A research team from the Kansas State University has devised a novel technique that paves the way to solve a long-held issue of manufacturing graphene quantum dots at large densities with controlled size and shape.
Diamond knife cuts graphite to produce graphene nanoribbons and quantum dots of controlled shape and size at high yields.
The new process, developed by Professor Vikas Berry from the Kansas State University, produces graphite nanoblocks by slicing graphite with a diamond knife. These graphite nanoblocks are precursors for producing graphene quantum dots. Exfoliation of these nanoblocks creates ultra-small carbon sheets of controlled size and shape.
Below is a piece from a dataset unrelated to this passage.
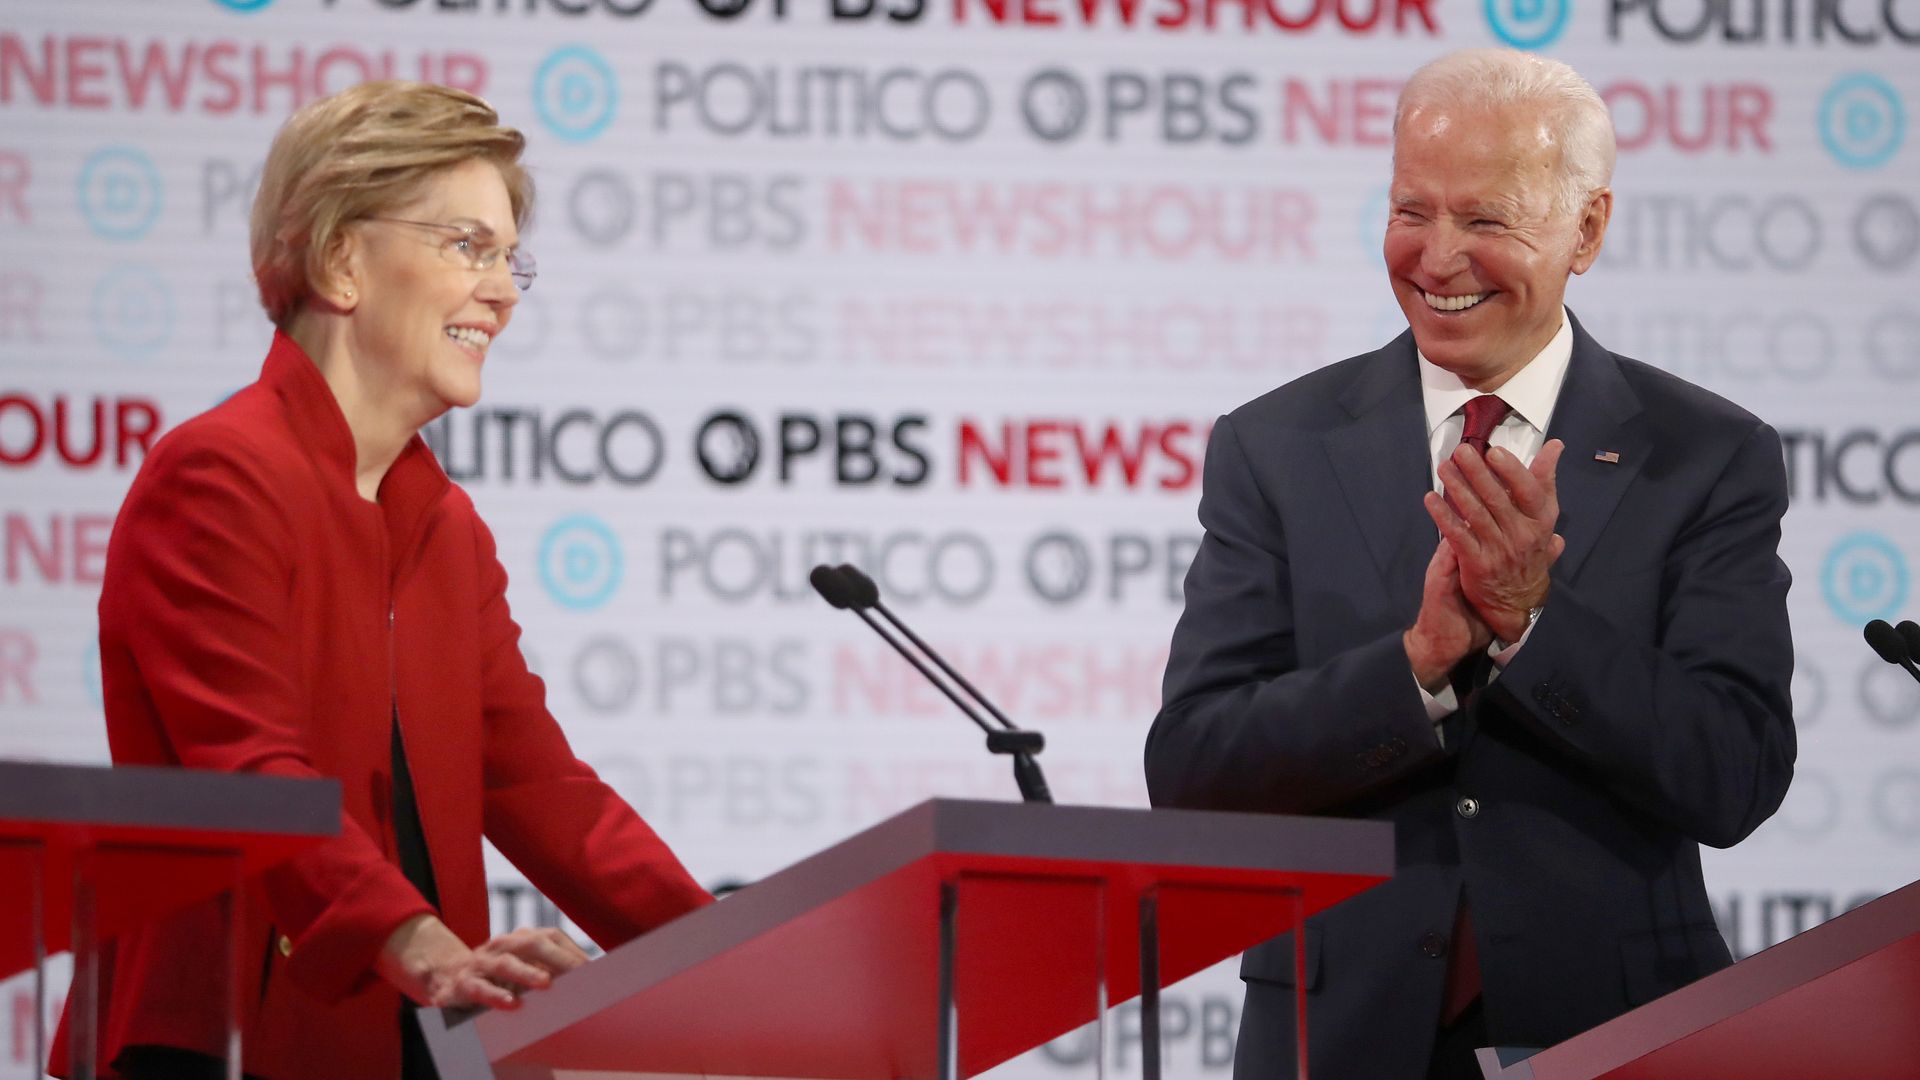 Joe Biden claps in the direction of Elizabeth Warren during a primary debate in December

The scientists are now able to manipulate the properties of graphene by controlling the shape and size for different applications, including particulate systems, composites, biomarkers, optical dyes, electronics, and solar cells. They can produce large quantities of graphene quantum dots that have a controlled structure, thus opening up the possibility to use these optically active quantum dots for optoelectronic applications such as solar cells.
It is a known fact that due to quantum confinement and edge states, graphene quantum dots’ size and shape play a key role in controlling their chemical, magnetic, optical and electrical properties. This research demonstrates an evidence of a band-gap in graphene nanoribbon films with reduced width. Moreover, with the help of simulations and high-resolution transmission electron micrographs, the researchers show that the edges of the structures obtainedare comparatively smooth and straight.
Berry informed that these graphene quantum dots show promise in a variety of applications. The research team believes that this research will lead to the field of graphene quantum dots as this novel material holds potential in various nanotechnologies. The research results have been reported in Nature Communications.